Over on the AVClub they've reviewed Dawkins' new book and there was actually some interesting discussion in the comments that (at last reading) didn't even mention "CancerAIDS." I've read very little Dawkins, even though I guess he's supposed to be required reading for the atheist set. I've read (and pretty much enjoyed) The Greatest Show On Earth, and I read a bit of The God Delusion at a friend's house when they weren't looking.
At the time I was reading Delusion, I was hard core agnostic, not soft wibbly atheist like I am now, and I remember being put off by his tone (yeah) and thinking that he was making some faulty assumptions about agnosticism and whatnot. I wonder what I would think if I read it now. I still kind of think of him as a bit of a grumpy old man, but whether he is or not, his arguments ought to be weighed by their merit, not by whether or not we like him as a person. I'm shying away from him just now as some of his comments regarding sexism, for example, turn me off, and there are plenty of other atheists online and in print that I can read instead.
Anyway, in the comments of the review a discussion about atheism and faith came up and some of the remarks really helped me to crystalize some of my thoughts about why I shouldn't believe in god. One commenter insisted that if god is outside of reality, then science can't really address this god, and should leave him alone. I mean, if god is outside or "meta" real, then we'll never be able to address the idea in a reliable, discriminating way, so it's certainly possible that anyone's ideas about god, the afterlife, etc are true, so why can't the militant atheists lay off? The nature of the supernatural is outside of science's purview, so hands off!
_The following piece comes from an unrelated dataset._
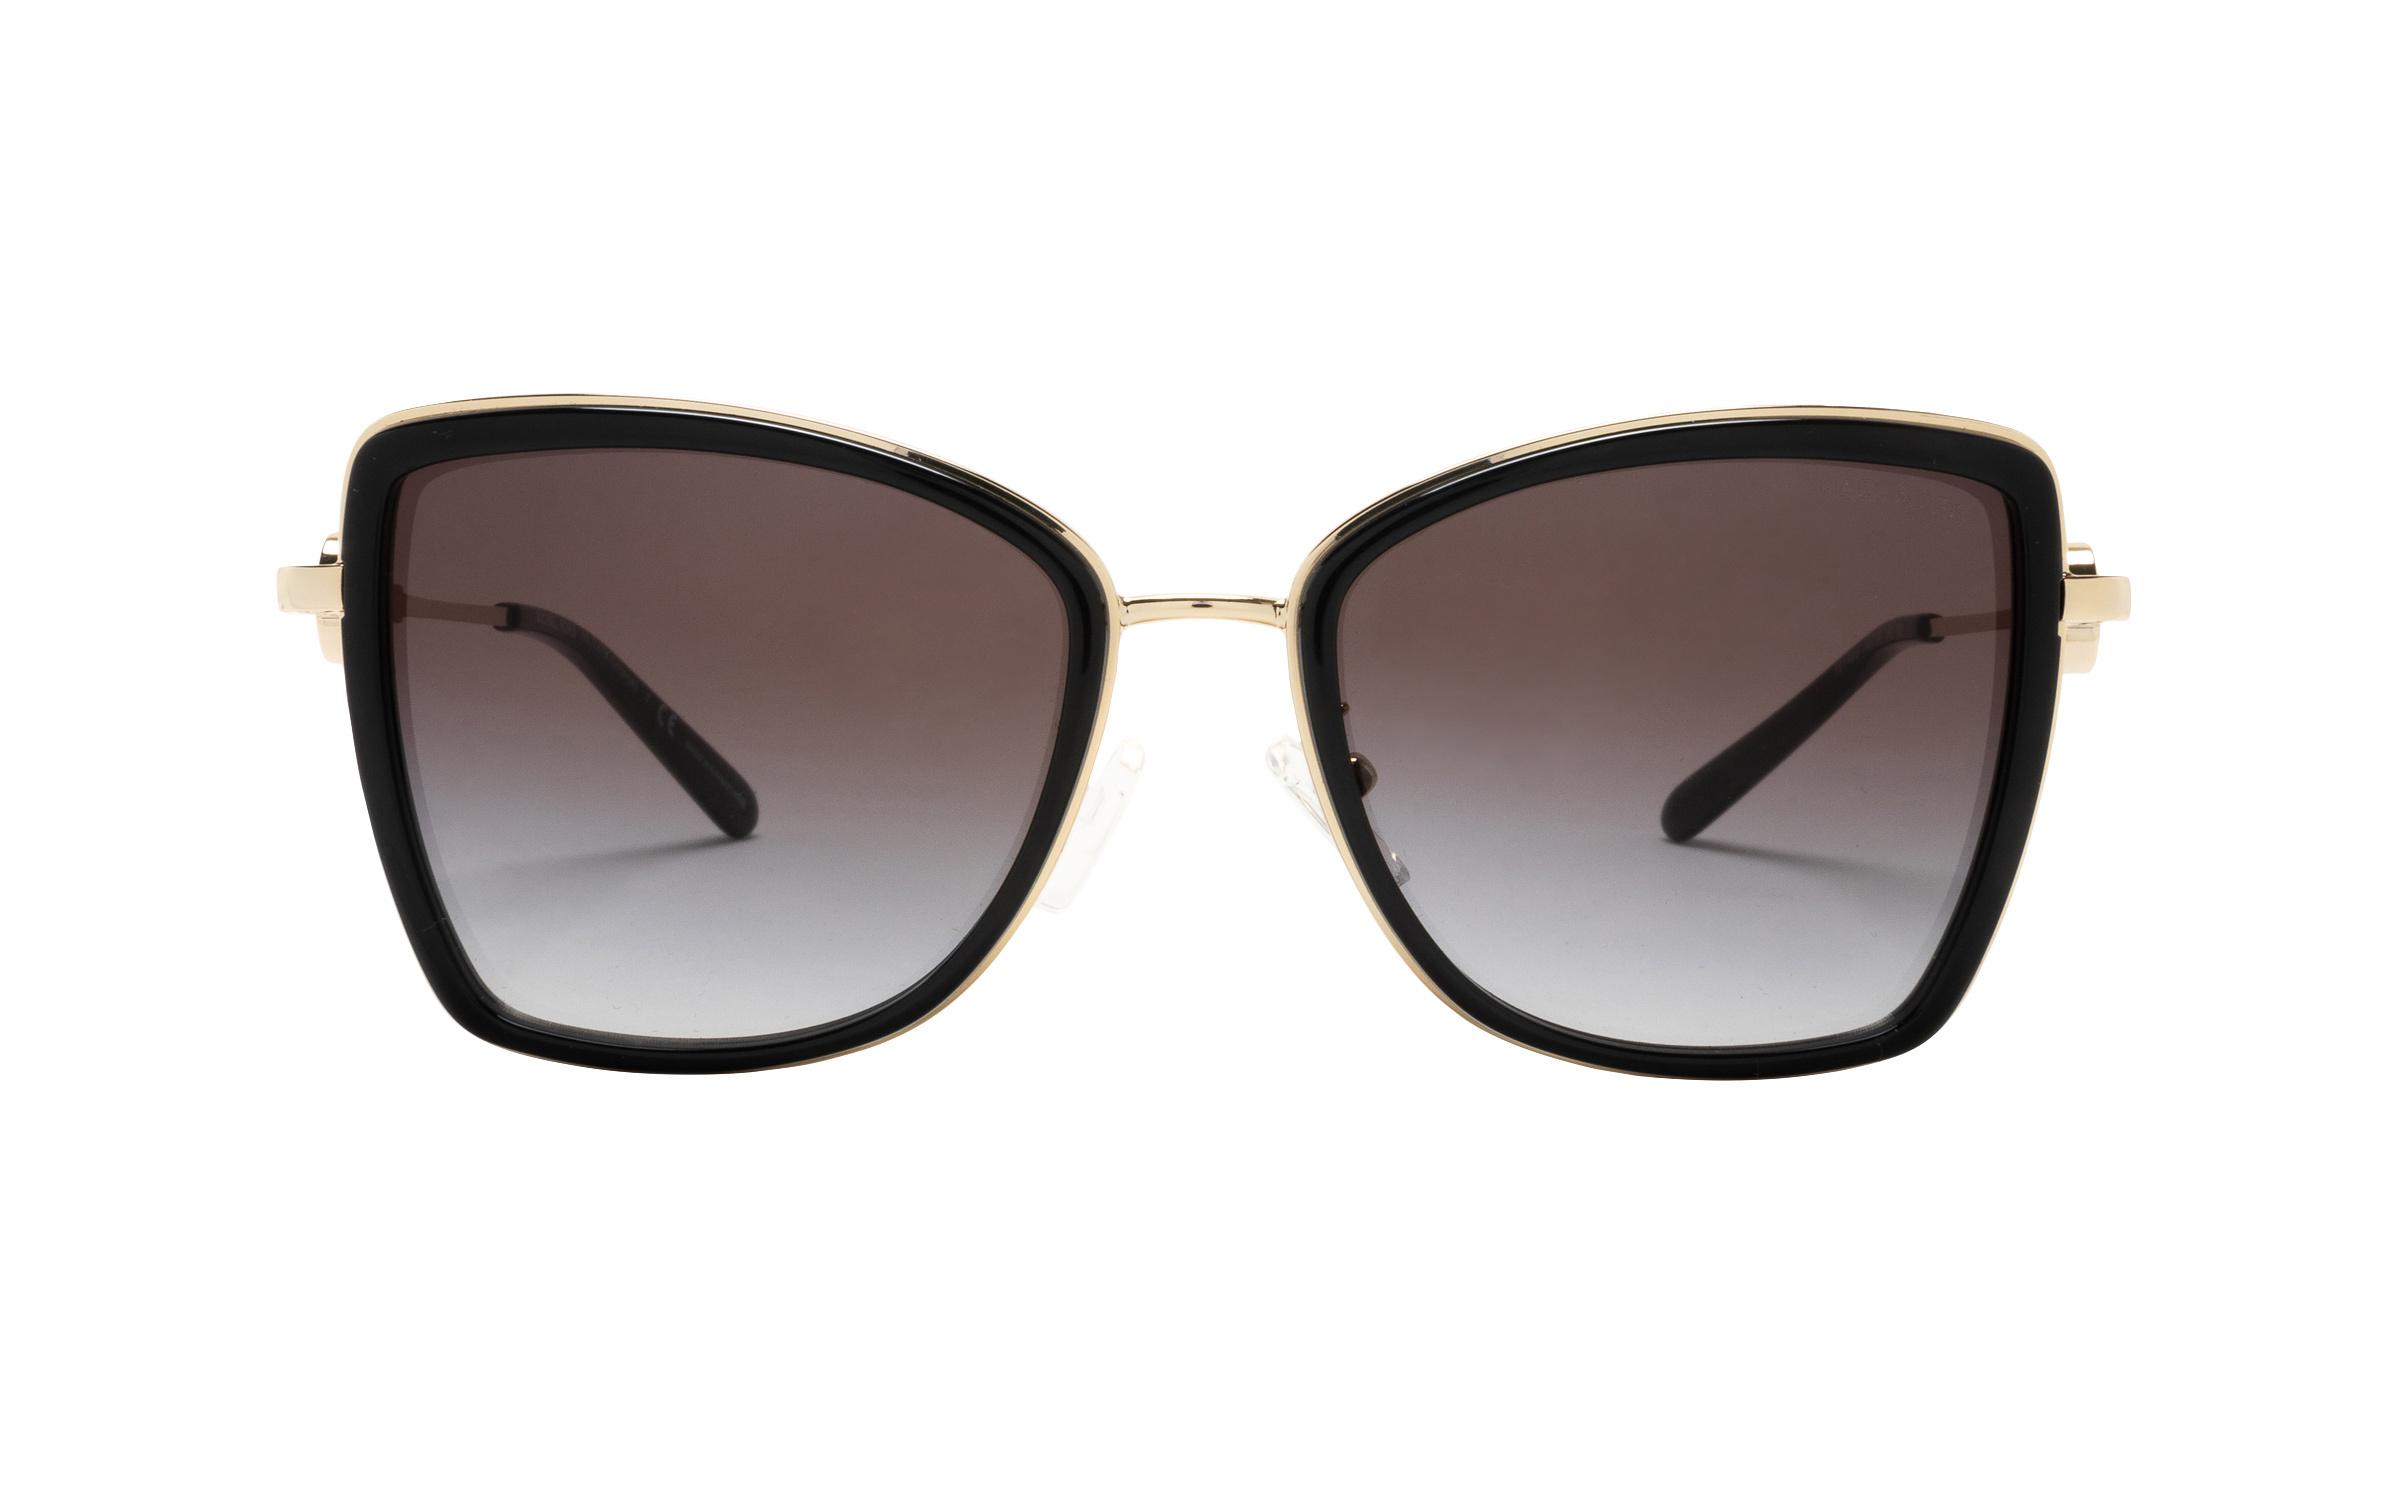 coastal.com - MichaelKors Michael Kors MK1067B Corsica 10148G 55 Sunglasses in Gold Black | Acetate/Metal – Online Coastal 161.00 USD

But, okay, we can't know, we'll never know, so it must therefore be true and possible?
I can't accept that anymore. Because, well, if we can't know anything about God, then everything we say about God is, by definition, made up. Sure, it's possible that God is what we think it is, but without being able to test our claims, this possibility is basically identical to every single other possible idea, from the Flying Spaghetti Monster, to the Orbitting Tea Cup, to the God Who Really Likes The Colour Greyish Green and Wants Us All To Enjoy Tea As Much As Possible. We can say that God is Love, we can dance through a bunch of philosophical hoops, and that's all well and good, but if the argument is that God is outside reality, that we'll never be able to measure in any way what God is, then it might as well be a made up fairy tale for all the good it does us.
Now, if there is a God who affects our universe, then science can, maybe not now, but theoretically test these claims. If that's the case, then the burden of proof rests with the theists, and they have to show their work. Otherwise, they're kind of just playing make-believe, aren't they?